Raw data →
= = = =

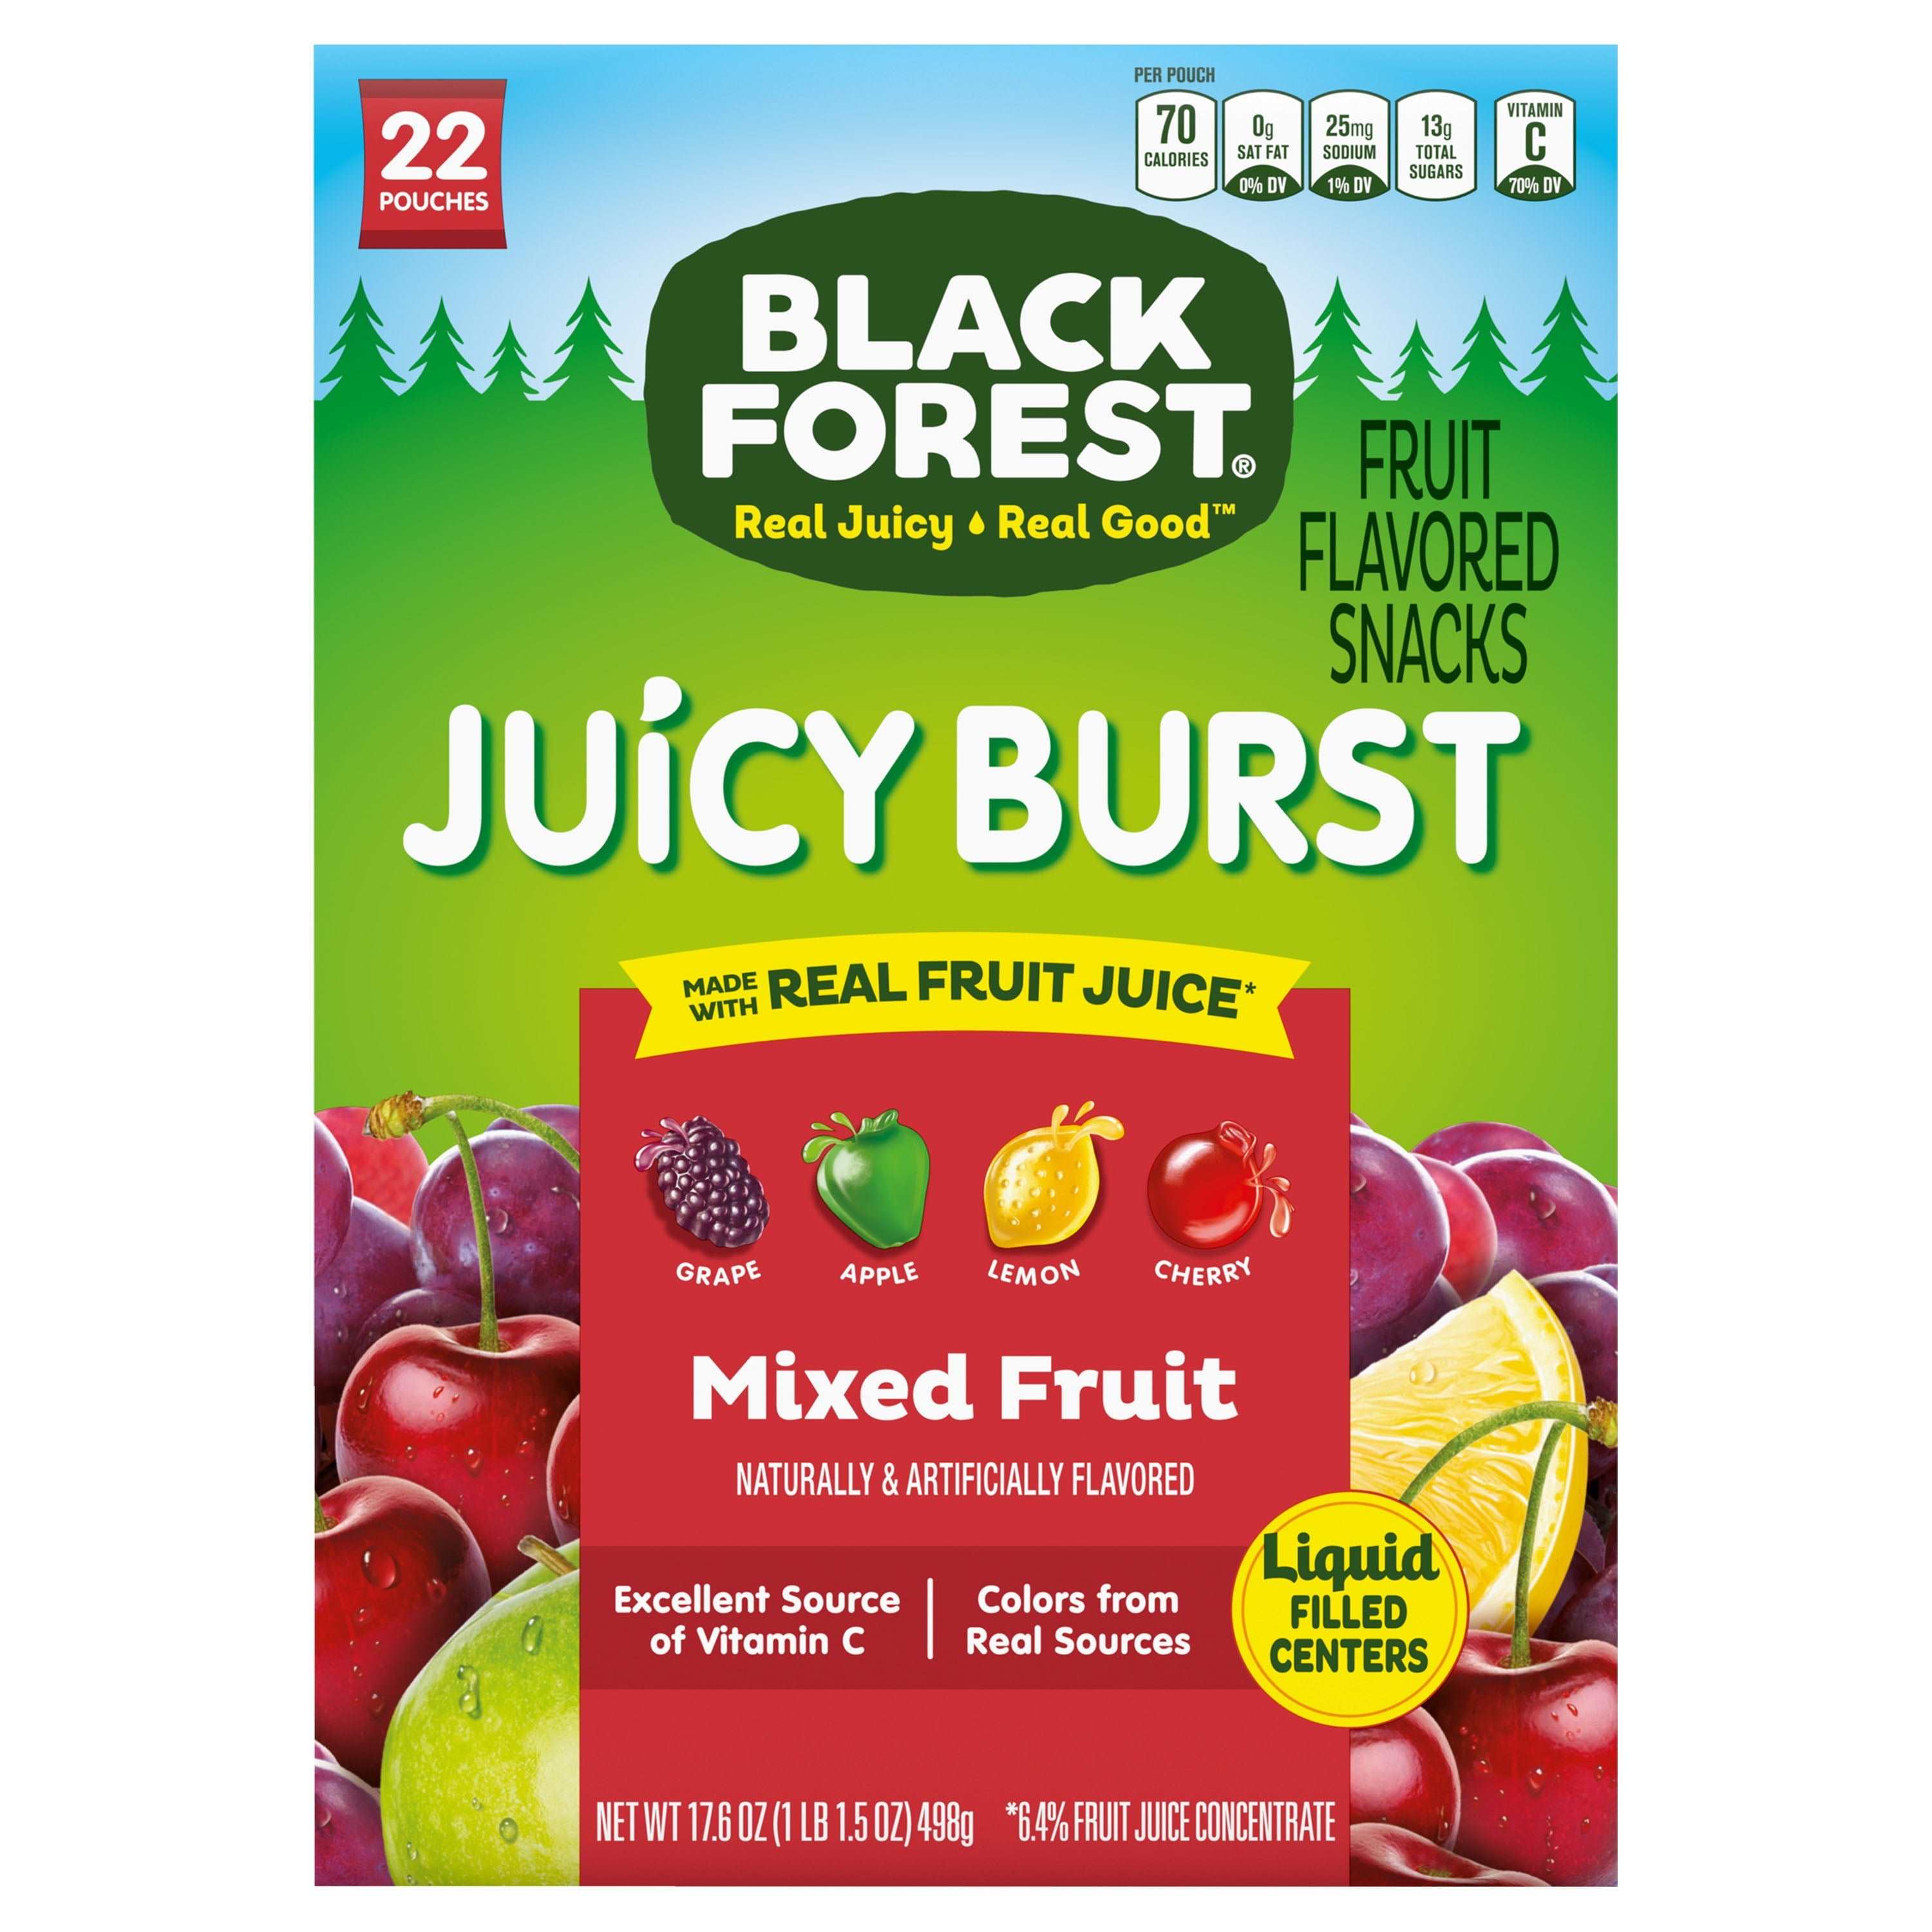 Wholesale prices with free shipping all over United States Black Forest Fruit Flavored Snacks Juicy Burst, Mixed Fruit, 17.6 oz Box, 22 Ct - Steven Deals
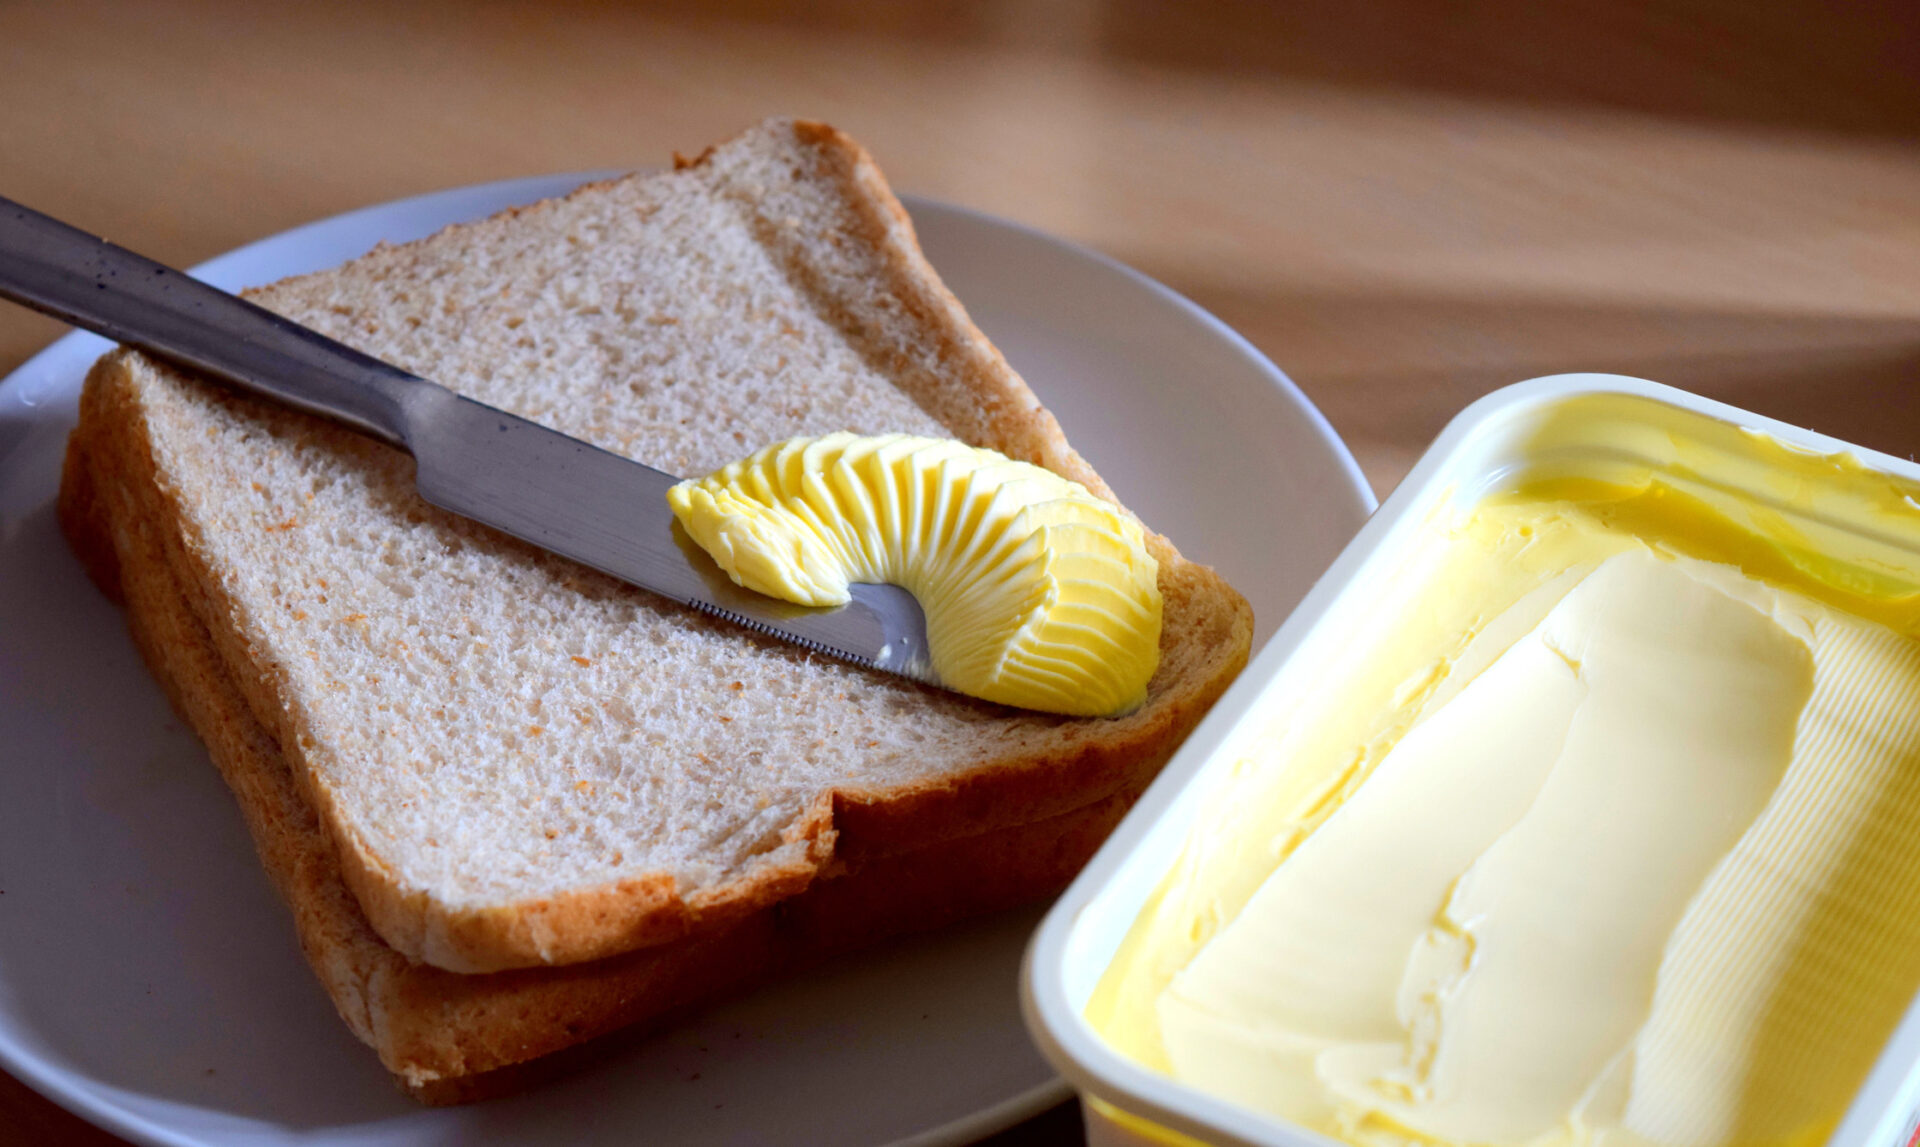 Global Margarine and Shortening Market Is Estimated To Witness High Growth Owing To Increasing Consumer Demand and Technological Advancements
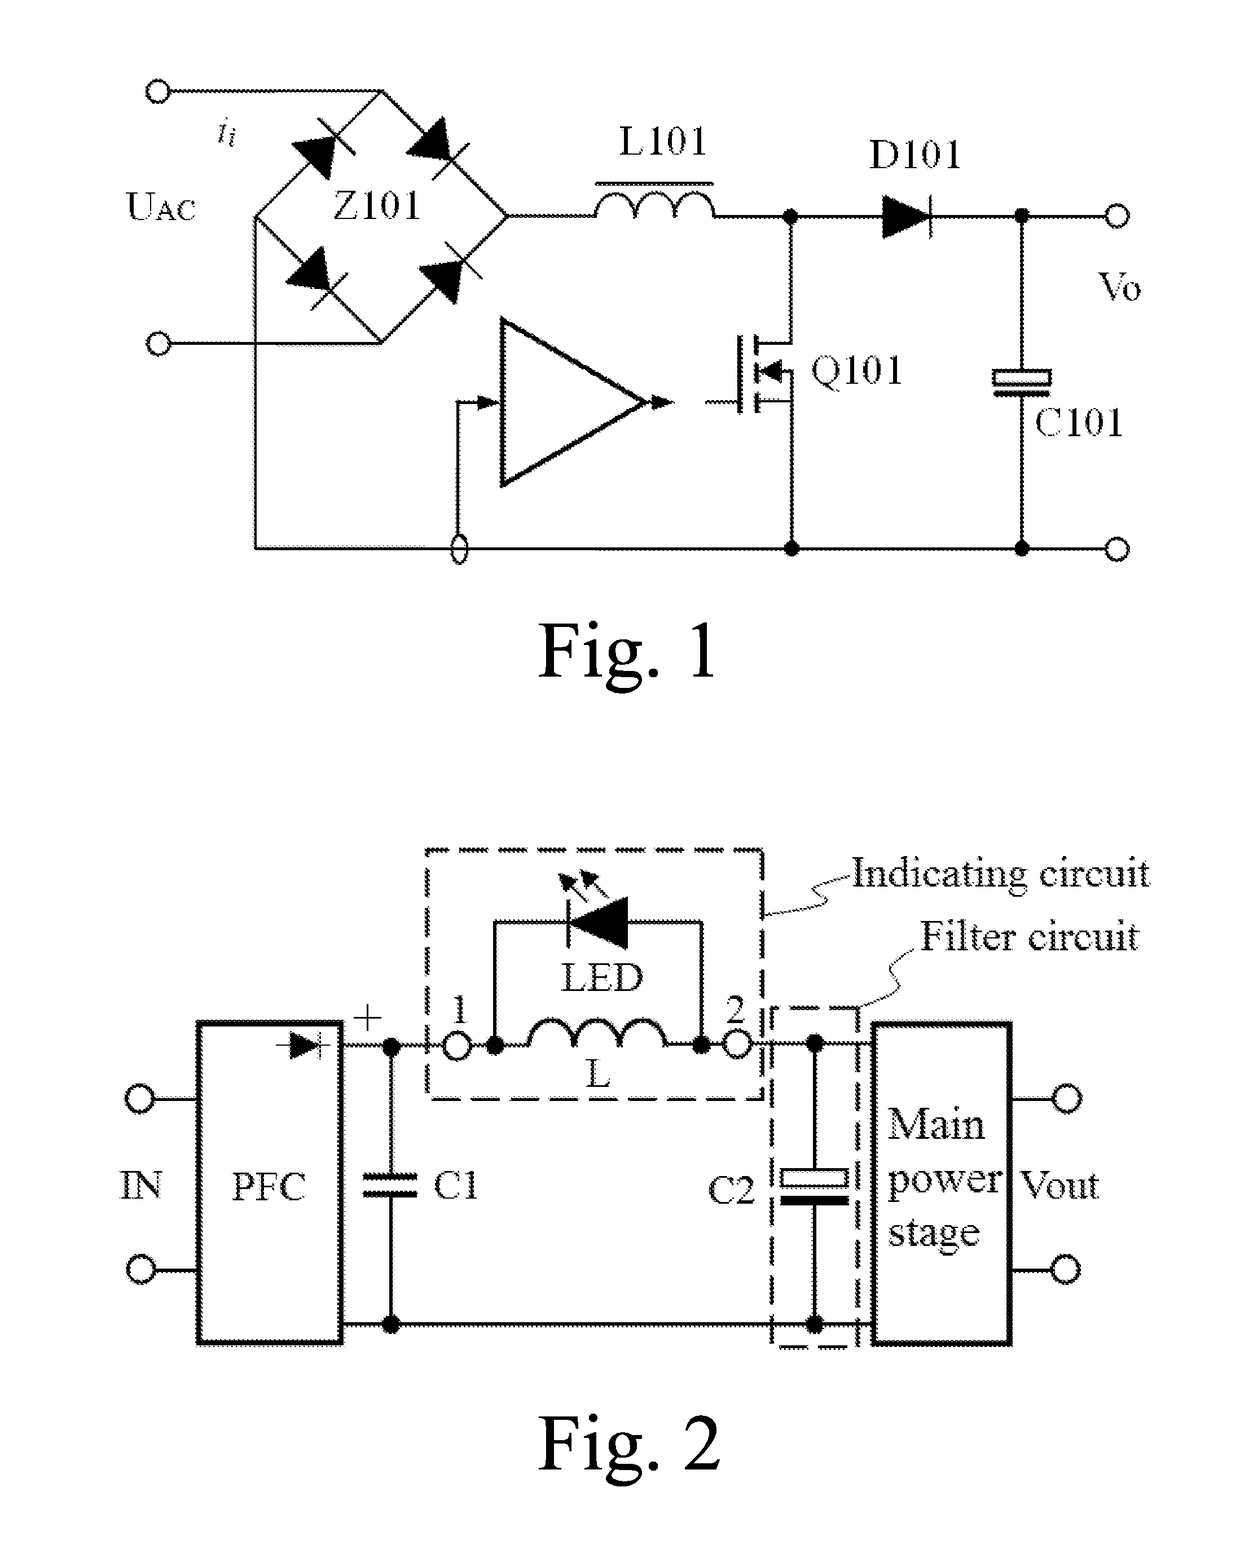 Switching power supply having active power factor correction
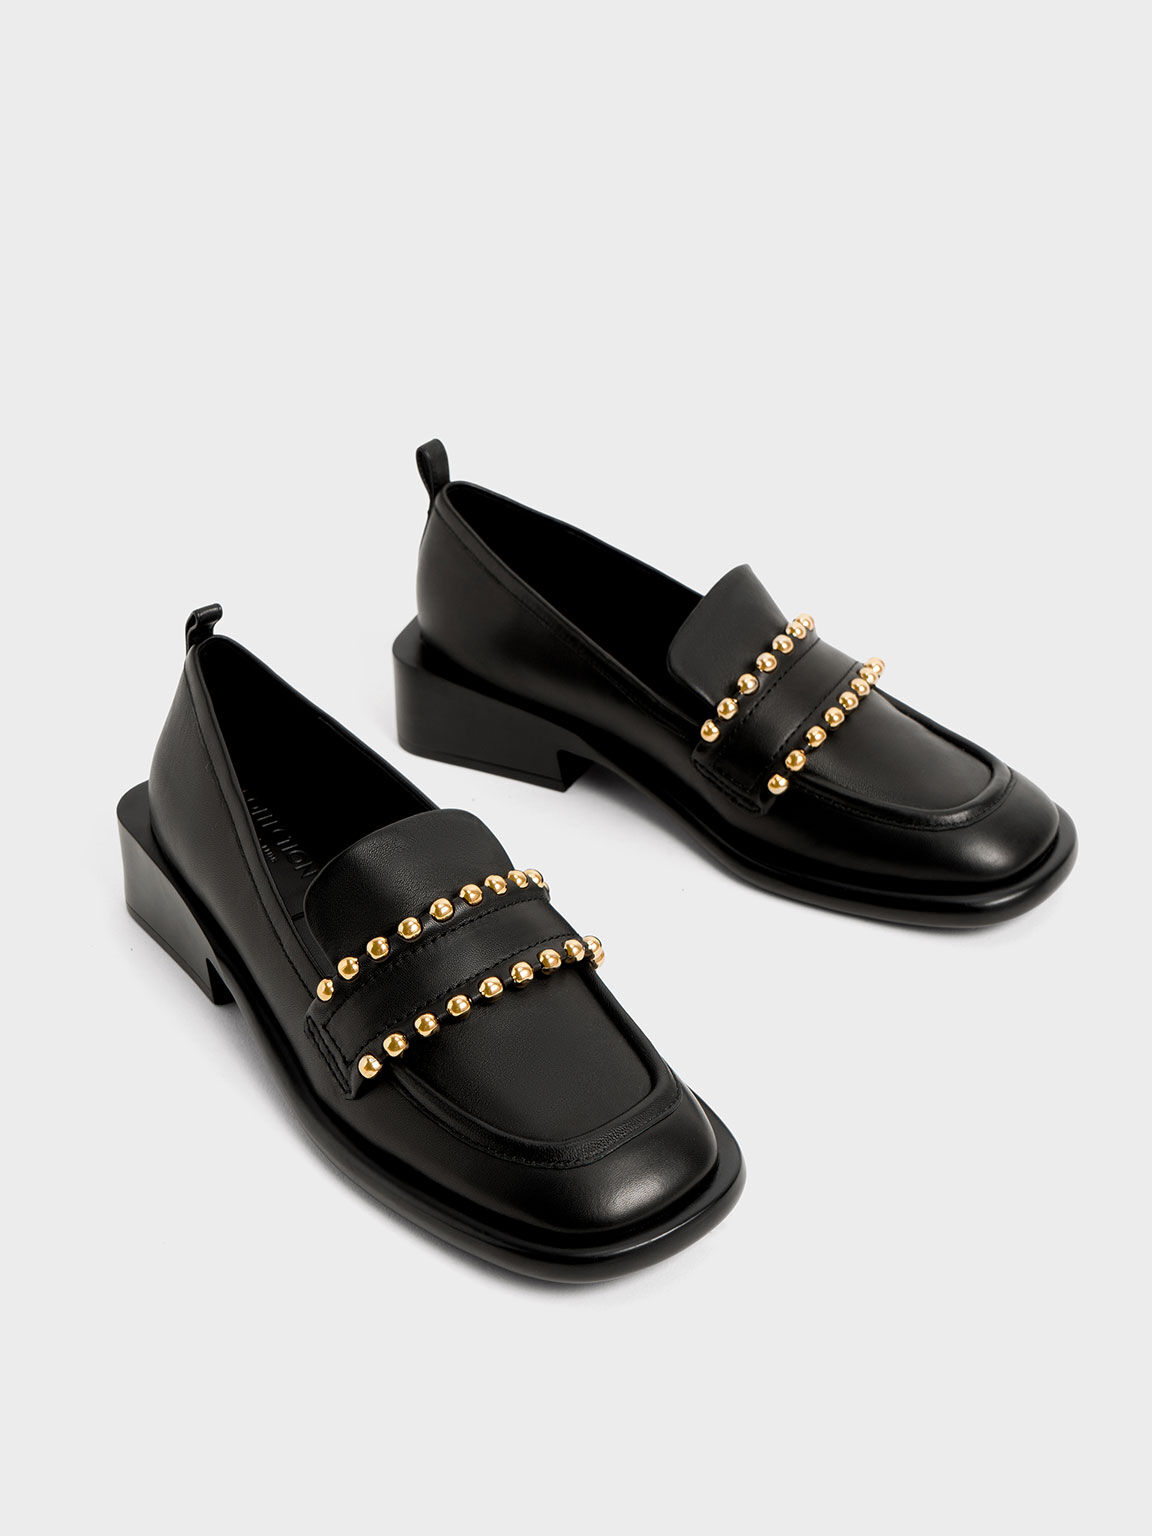 Studded Leather Penny Loafers, Black, hi-res

= = = =

Exercise goal →
Since the pictures are not part of the copy, transcribe only the remaining material, exactly.

Task output →
 Wholesale prices with free shipping all over United States Black Forest Fruit Flavored Snacks Juicy Burst, Mixed Fruit, 17.6 oz Box, 22 Ct - Steven Deals
 Global Margarine and Shortening Market Is Estimated To Witness High Growth Owing To Increasing Consumer Demand and Technological Advancements
 Switching power supply having active power factor correction
 Studded Leather Penny Loafers, Black, hi-res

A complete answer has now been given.